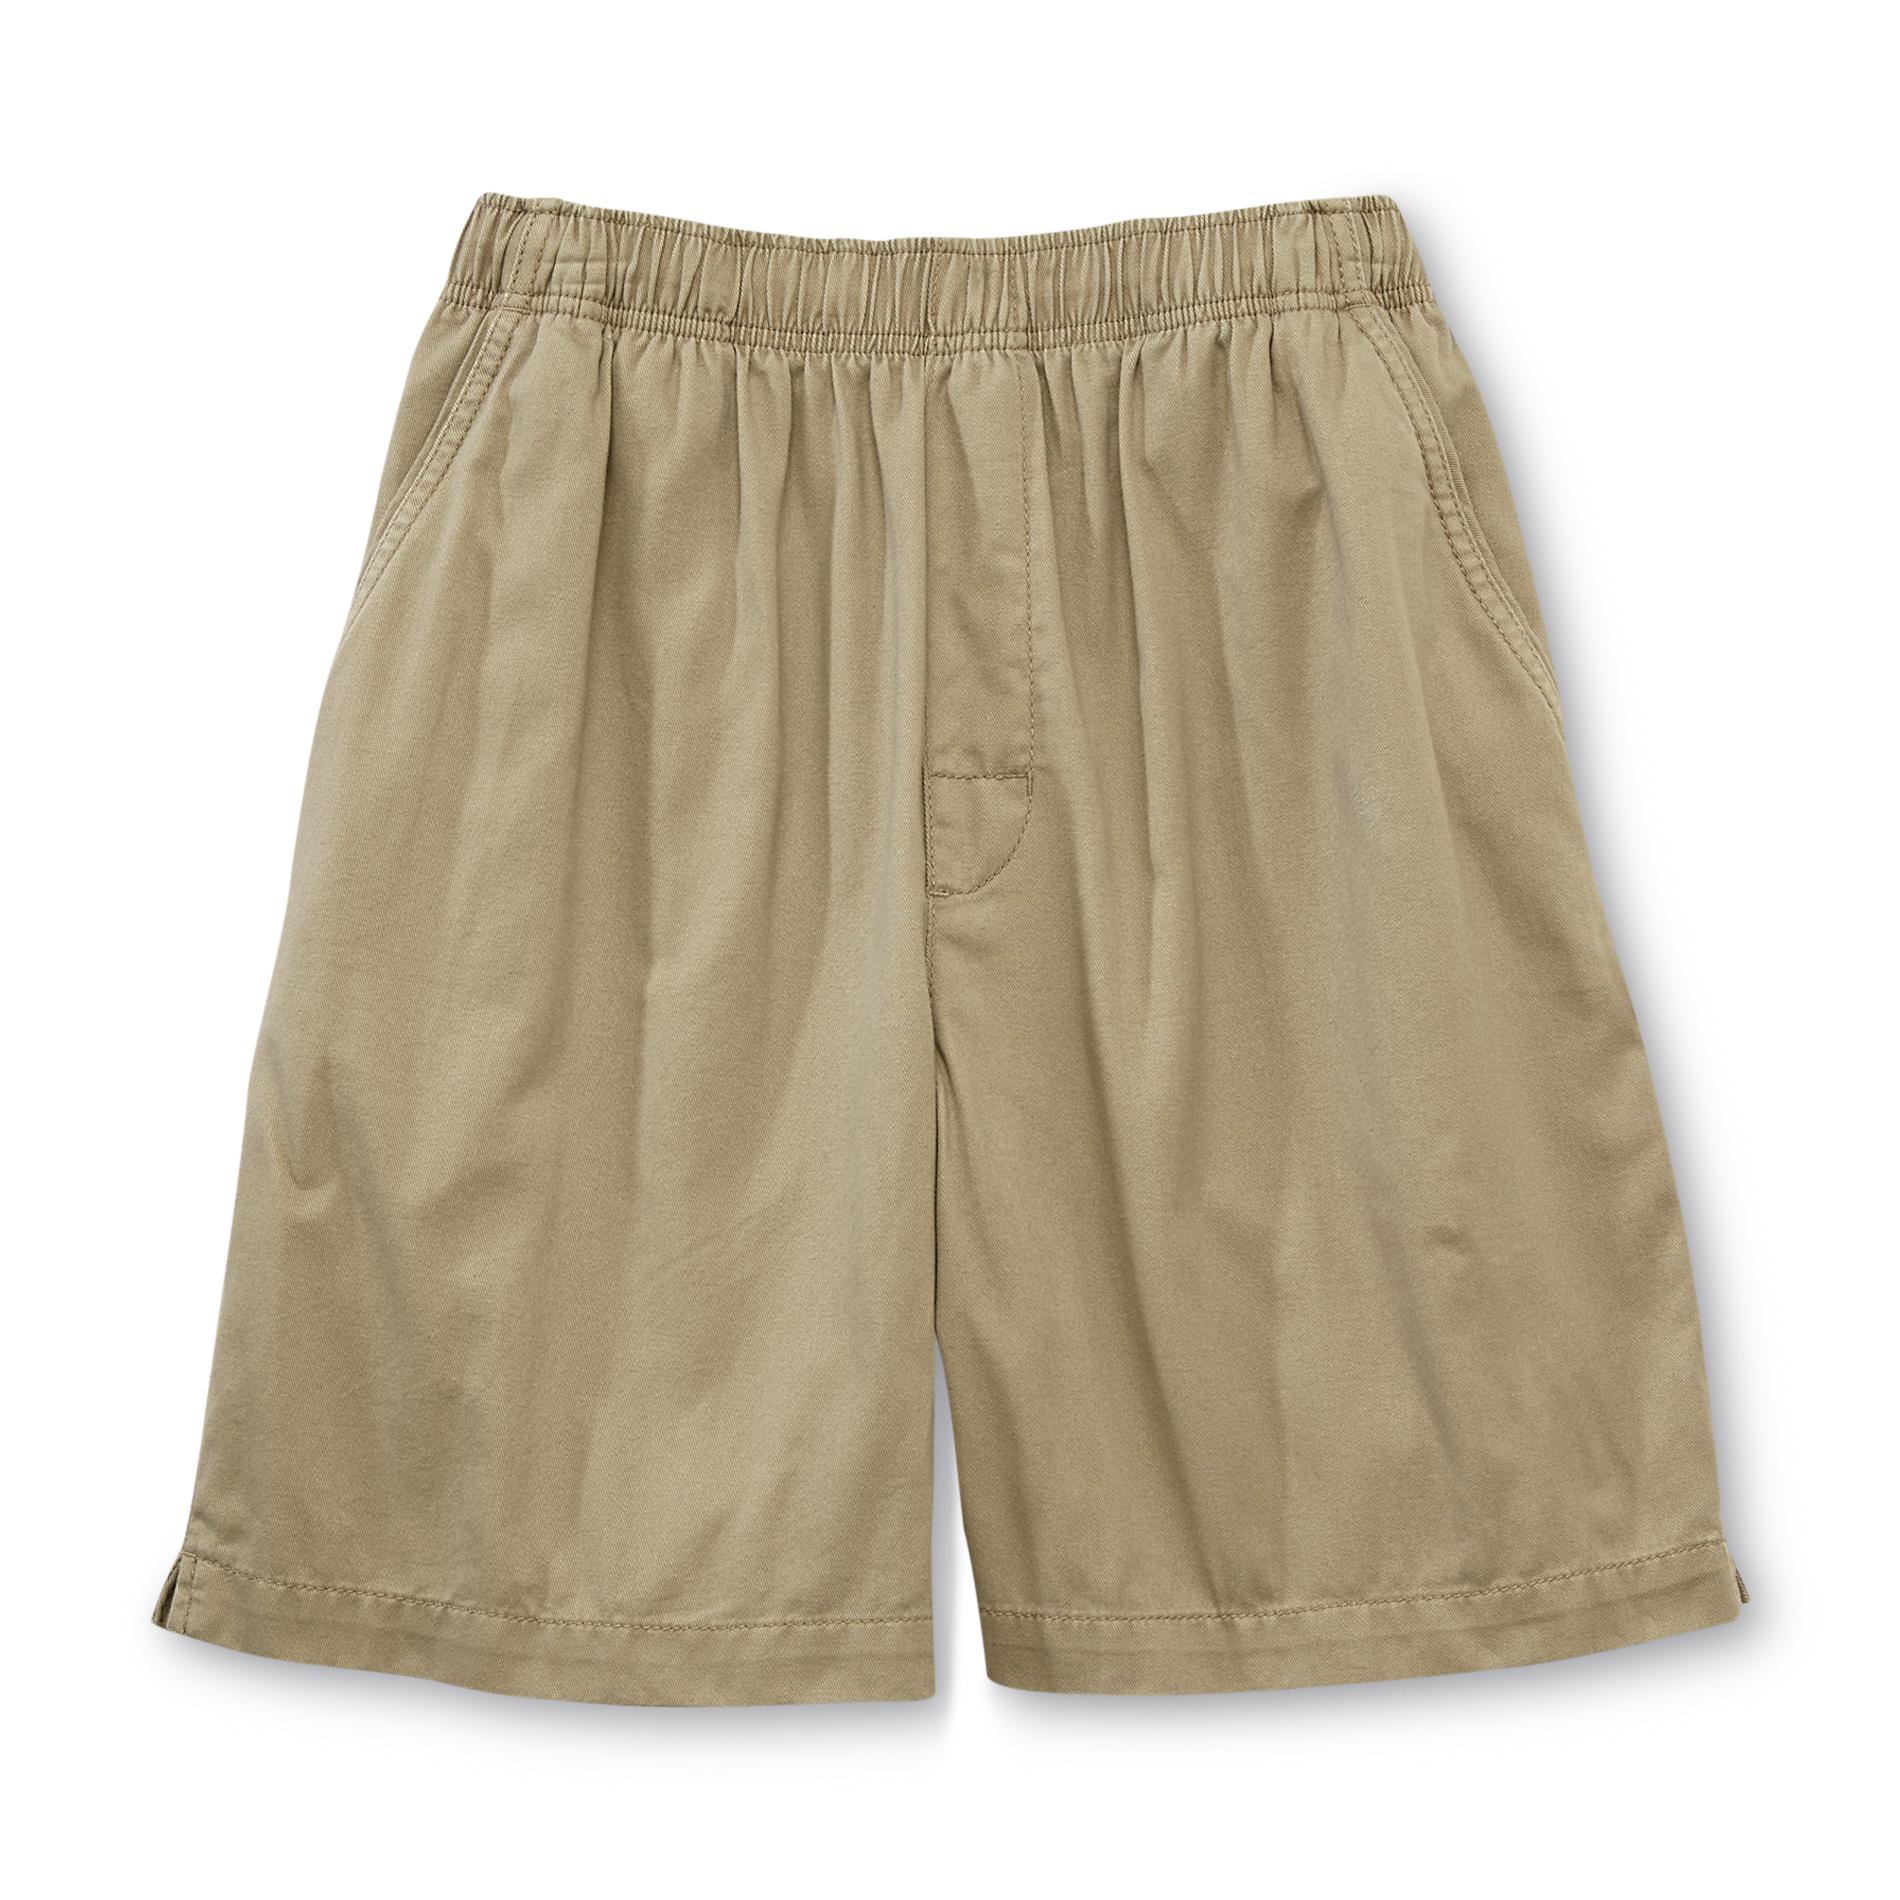 Basic Editions Men's Big Twill Shorts
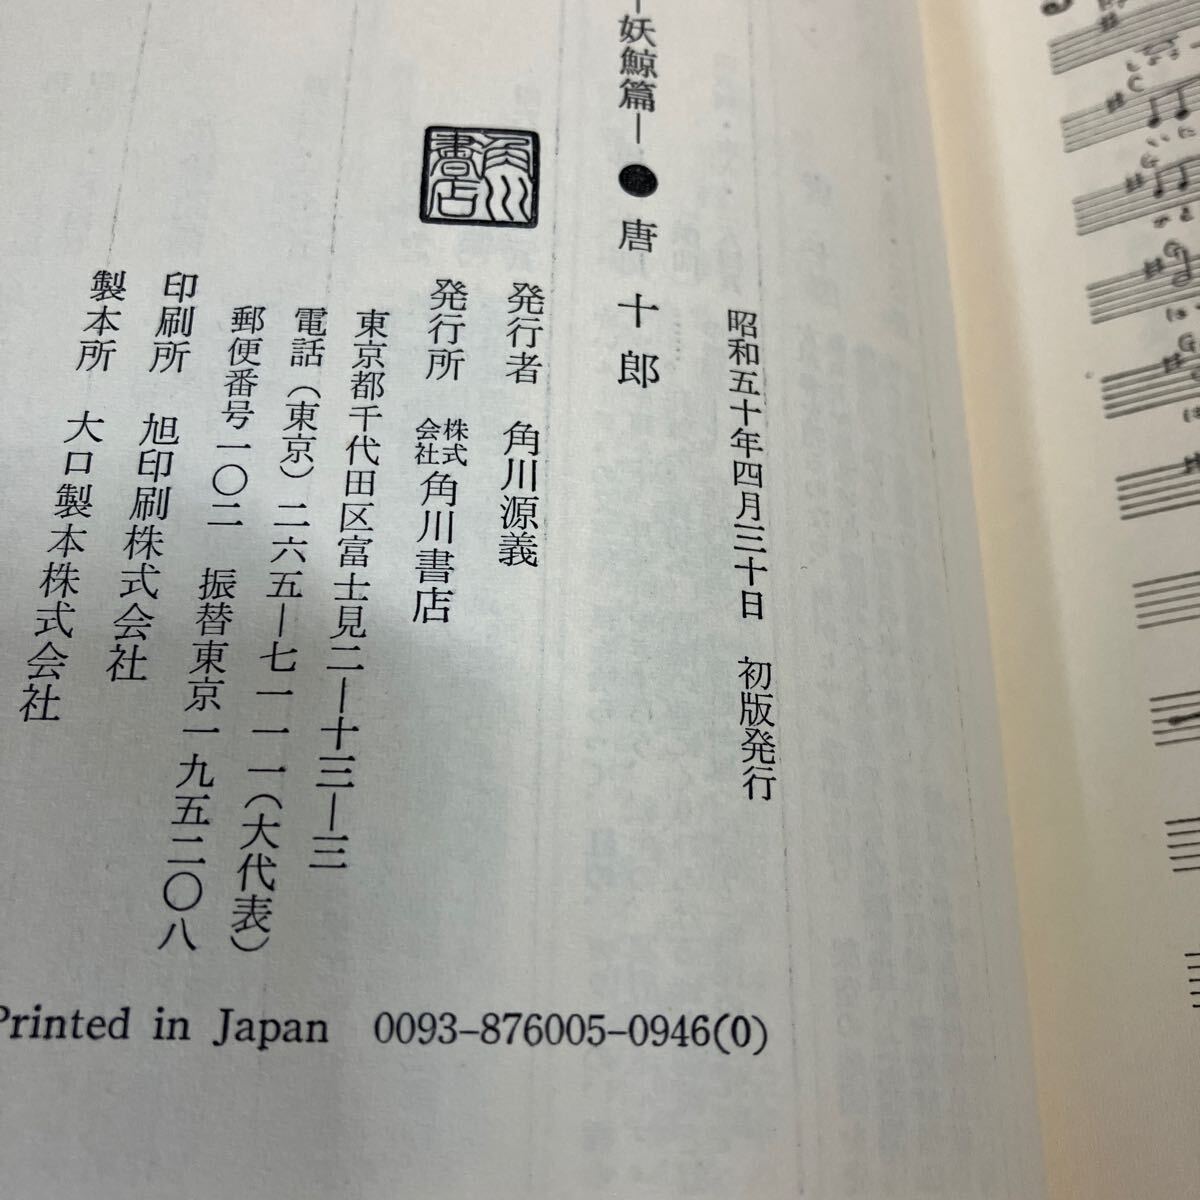 24-5-5[ поясница шт ......] Tang 10 . Showa 50 год первая версия Kadokawa Shoten 
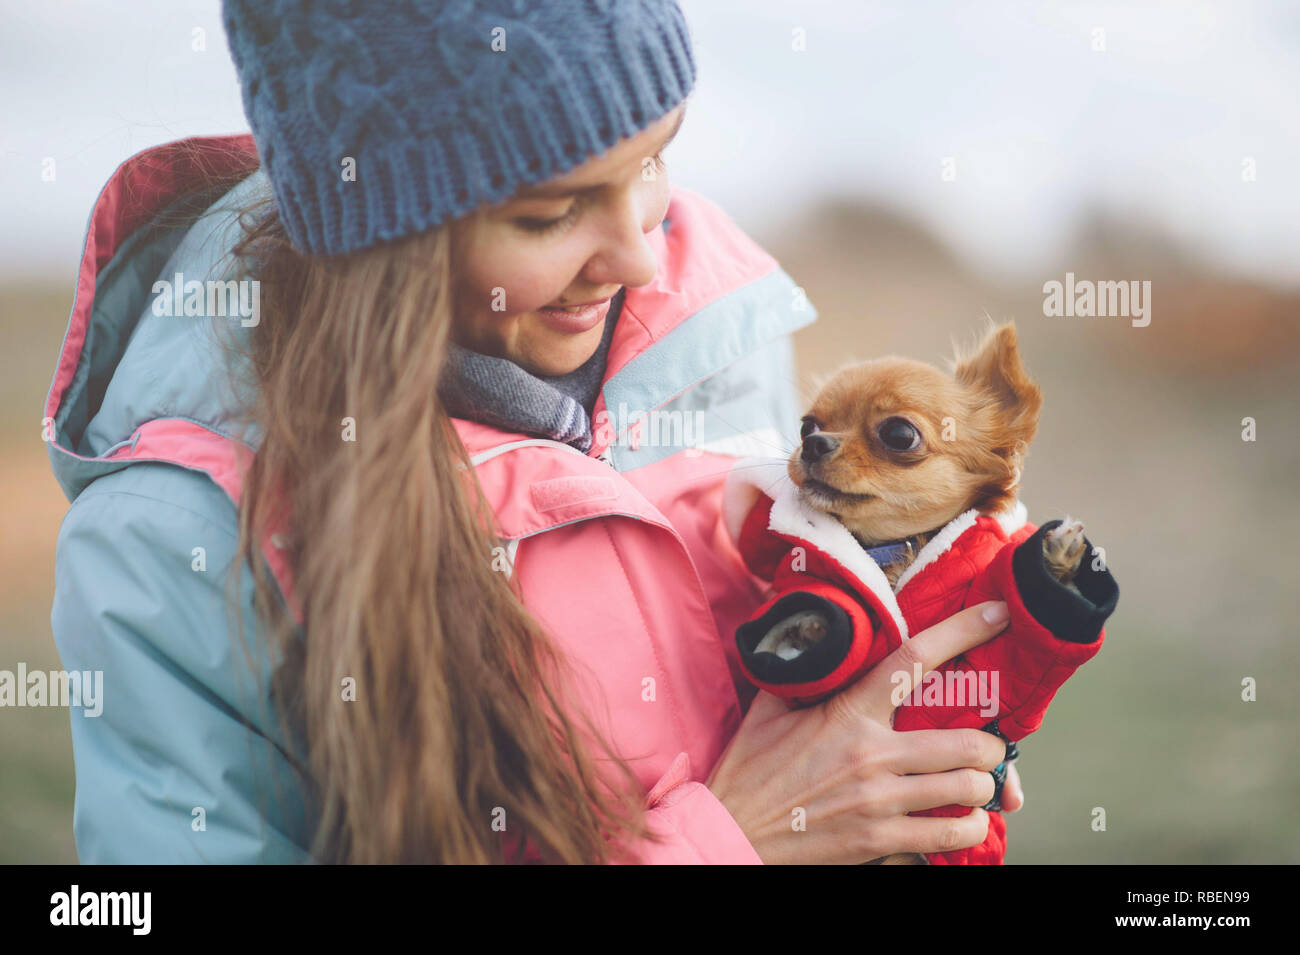 Glückliche gesunde junge Frau mit kleinen Chihuahua Welpe Hund Tragen von Kleidung in den Händen Stockfoto
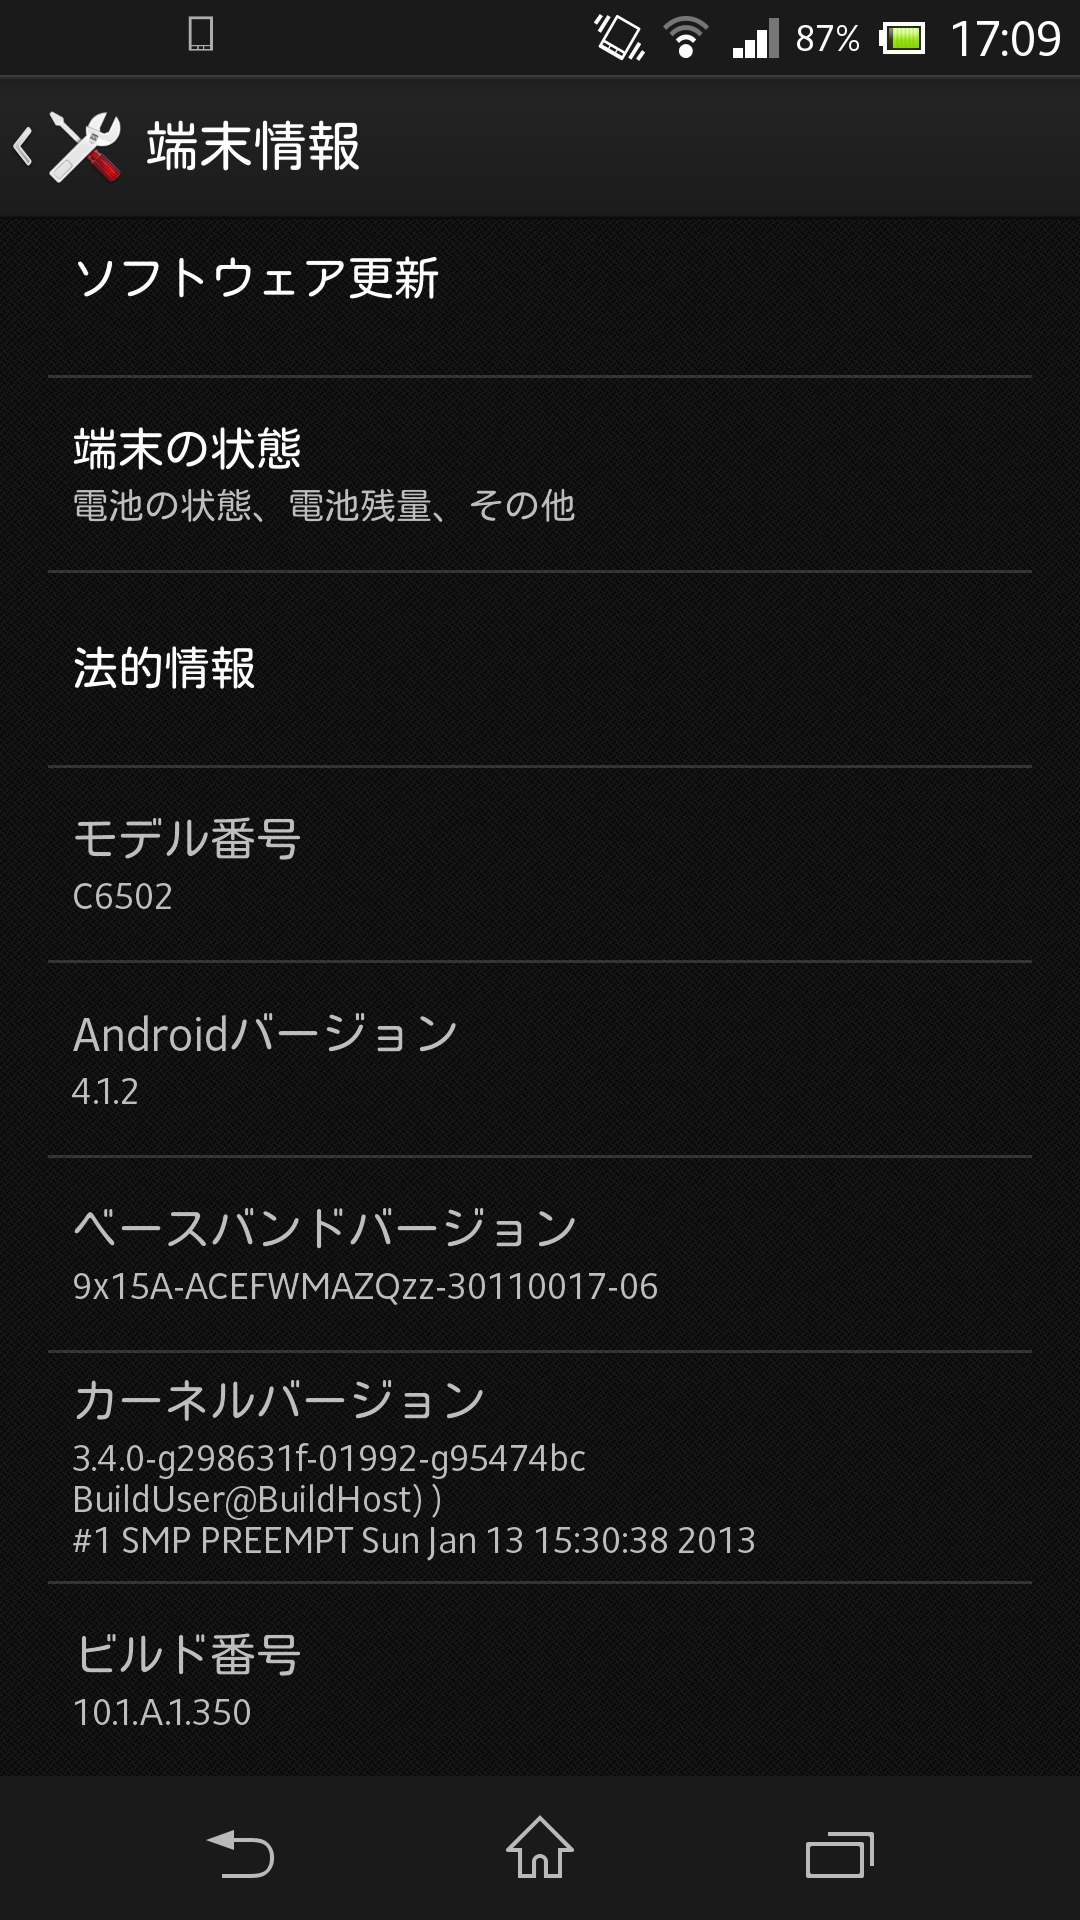 【コラム】Xperia Zの派生モデルXperia ZLレビュー(ソフトウェア編)

| Instructions to follow |
Reproduce the data above in full, exactly as it is, with the pictures left out.

| Written solution |
 Basic Editions Men's Big Twill Shorts
 24-5-5[ поясница шт ......] Tang 10 . Showa 50 год первая версия Kadokawa Shoten 
 Glückliche gesunde junge Frau mit kleinen Chihuahua Welpe Hund Tragen von Kleidung in den Händen Stockfoto
 【コラム】Xperia Zの派生モデルXperia ZLレビュー(ソフトウェア編)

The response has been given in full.